Unique situations based on your company size
Regardless of whether you are a startup, non-profit, mid-sized business, or an enterprise team, consider these unique scenarios, when hiring a remote developer.
When startups get their initial rounds of funding, there is usually a need to hire developers quickly. In that rush, however, you can end up hiring developers that you wish you had not.
Non-profits and startups tend to look for lower-cost developers to help them get the most out of the funding that they have, and those are the easiest to find online.
Before jumping into developer marketplaces to hire, however, consider these questions first:
Do you have a CTO?
If you do not, you are going to need experts in hiring remote developers. Alternatively, consider hiring an agency that provides a dedicated team. You do not want to gamble with developers you find online, and, at the very least, you should hire a consultant remote CTO to help you make some of your first hires if you are building a remote team.
If you do have a CTO, you can likely hire a remote developer yourself. It will take a lot of time and money that you should probably be investing in having your CTO build out your initial foundations, but it is certainly a technically feasible option.
If you are the CTO and do not have the time for recruiting, alternative options are marketplaces and more developer-centered companies, as both will give you the opportunity to do some smaller-scale vetting of your own, without needing to sift through thousands of applicants.
How much work and budget do you have?
If it is less than a month of work or budget, developer marketplaces are likely your best bet. Keep in mind that the less work you have, the higher the cost can and likely will be with good freelancers.
If it is closer to three or more months of work and budget, your options open up a bit, and it is worth considering more premium options that actually become more affordable with the longer timeline than a short-term freelancer would be.
Another option is offering equity, a route that is a bit more dangerous with a remote developer, as they have much less vested interest in your company since they are remote. That said, it could save you a lot of upfront cash, and some remote developers are open to it.
How important is quality?
If you are just trying to get an MVP up and running, quality might not be the most important factor right now. Perhaps you just need something to show your startup’s investors. Or perhaps you just need a decent landing page for your non-profit.
If quality is not of high importance, you can afford to gamble with developer marketplaces.
If quality is of high importance, you need to be considering the more premium options. Quality should be of high importance if you would prefer not to have to rebuild your codebase every year or if you plan to have a lot of demanding traffic and need a site that can handle that level of performance.
A mid-size business is in the most interesting situation, as you may or may not have the budget for a premium remote developer service, but you could potentially handle all of your recruitment on a smaller scale if you need to hire often enough.

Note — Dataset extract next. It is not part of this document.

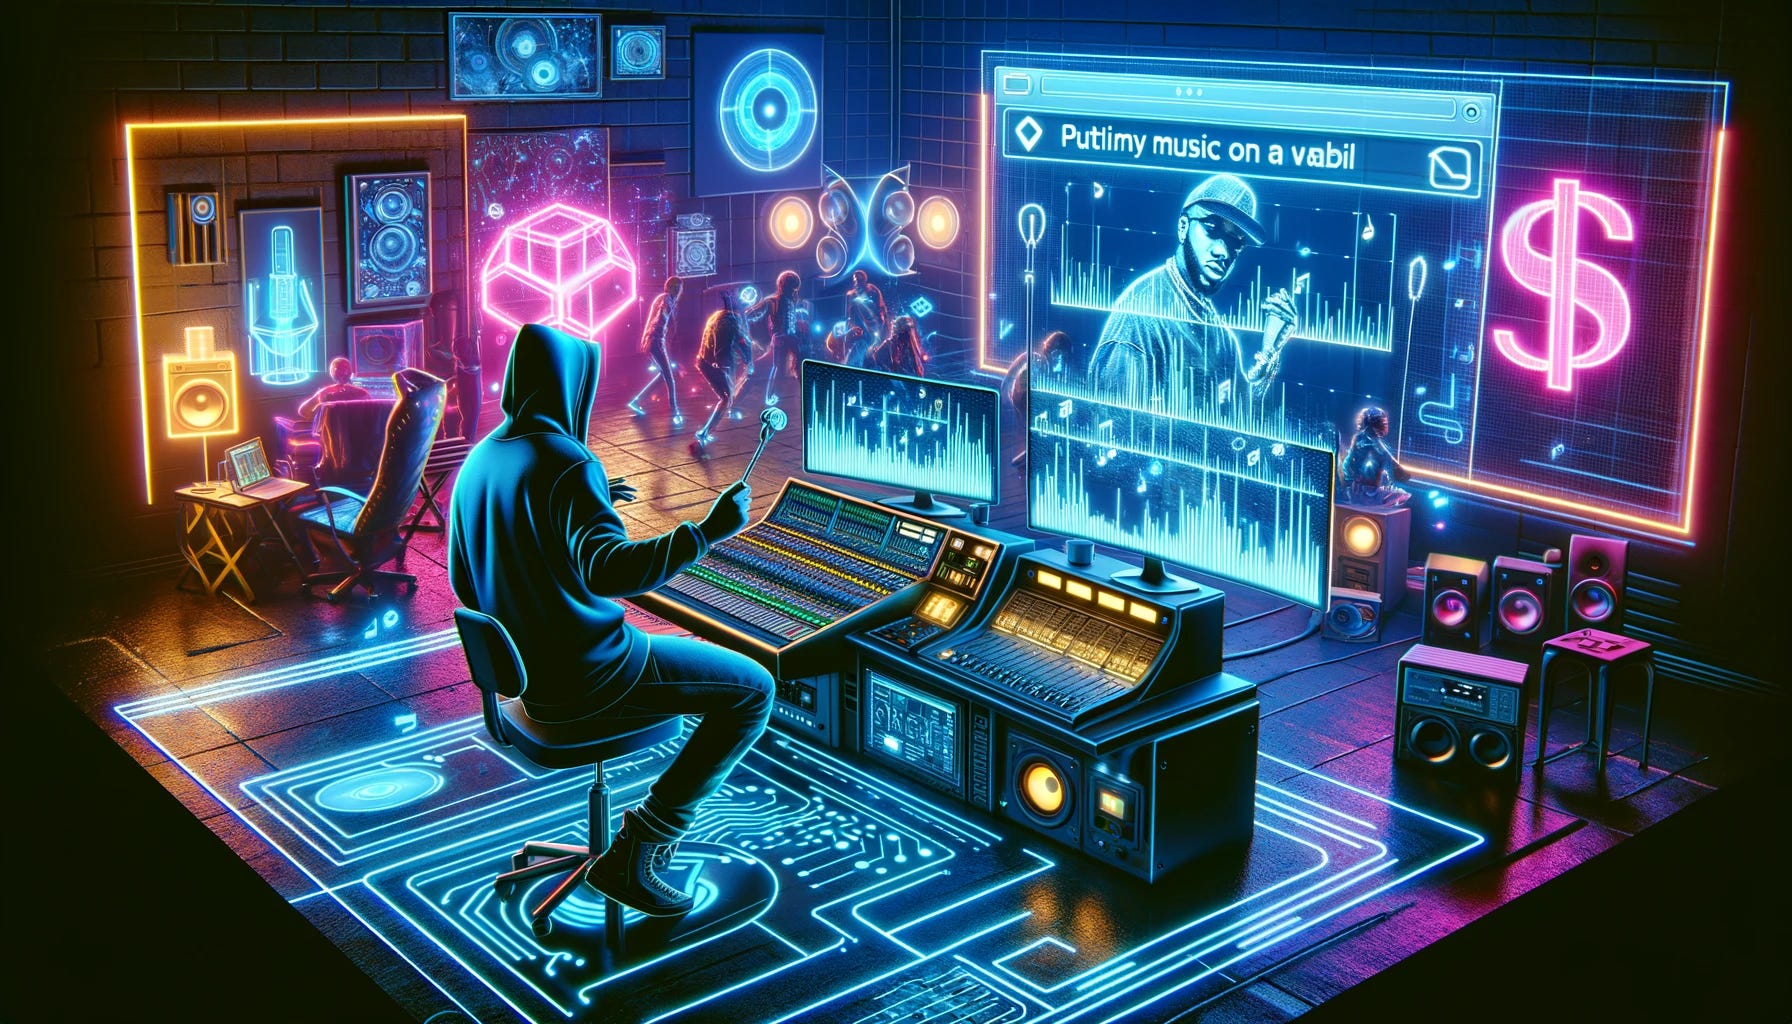 Create a landscape-oriented image depicting a rapper in a cyberpunk-themed studio, focusing on putting his music online on a Web3 wallet. The rapper, embodying a diverse representation, is engaging with advanced studio equipment amidst neon lights, digital screens, and holographic displays. The scene should capture the essence of a vibrant and technological cyberpunk world, highlighting the process of uploading music to a Web3 wallet, symbolized by digital sound waves and visual representations of tracks. The studio setting and the rapper's interaction with futuristic interfaces underscore the fusion of music, technology, and digital finance, illustrating the dynamic and diverse world of music production and distribution in a futuristic setting.

If you are a mid-size business, ask yourself this question:
How often do I need to hire a remote developer?
If the answer is “not often”, then you should absolutely consider utilizing premium services, which give you consistency every time you need it, or use a developer marketplace (less consistent quality, but part-time options will be available).
If the answer is “often”, you should definitely look into whether you can bring on a full-time or part-time hire who has a technical background, strong understanding of how to manage remote developers, and who can help run your vetting process.
At the enterprise level, your options start to become both more expensive and limited. Your vetting also becomes more serious, costly, and complex, as you need people with highly specialized skills and a proven track record in the enterprise space.
Even with a CTO, recruiter and hiring manager, hiring remote will attract thousands of applicants and only an effective vetting system with several rounds of challenges and interviews will net you the talent you need.
The cost of hiring remote enterprise developers will likely exceed $100,000 over the course of a year with proper vetting mechanisms in place.
Most enterprise recruiting today is around tech like Java or .NET, two specializations that you do not want to hire casually for. Add on top of that the need for communication vetting to ensure you will be working with someone who will properly address expectations for your business and communicate at the highest professional level, and the challenges become obvious.
Recruitment agencies are one option to turn to at the enterprise level, but, in the remote space, these do not quite exist yet, and those that do are hard to trust. The best options are developer marketplaces and premium services that have a specialization in enterprise remote developers and related skills.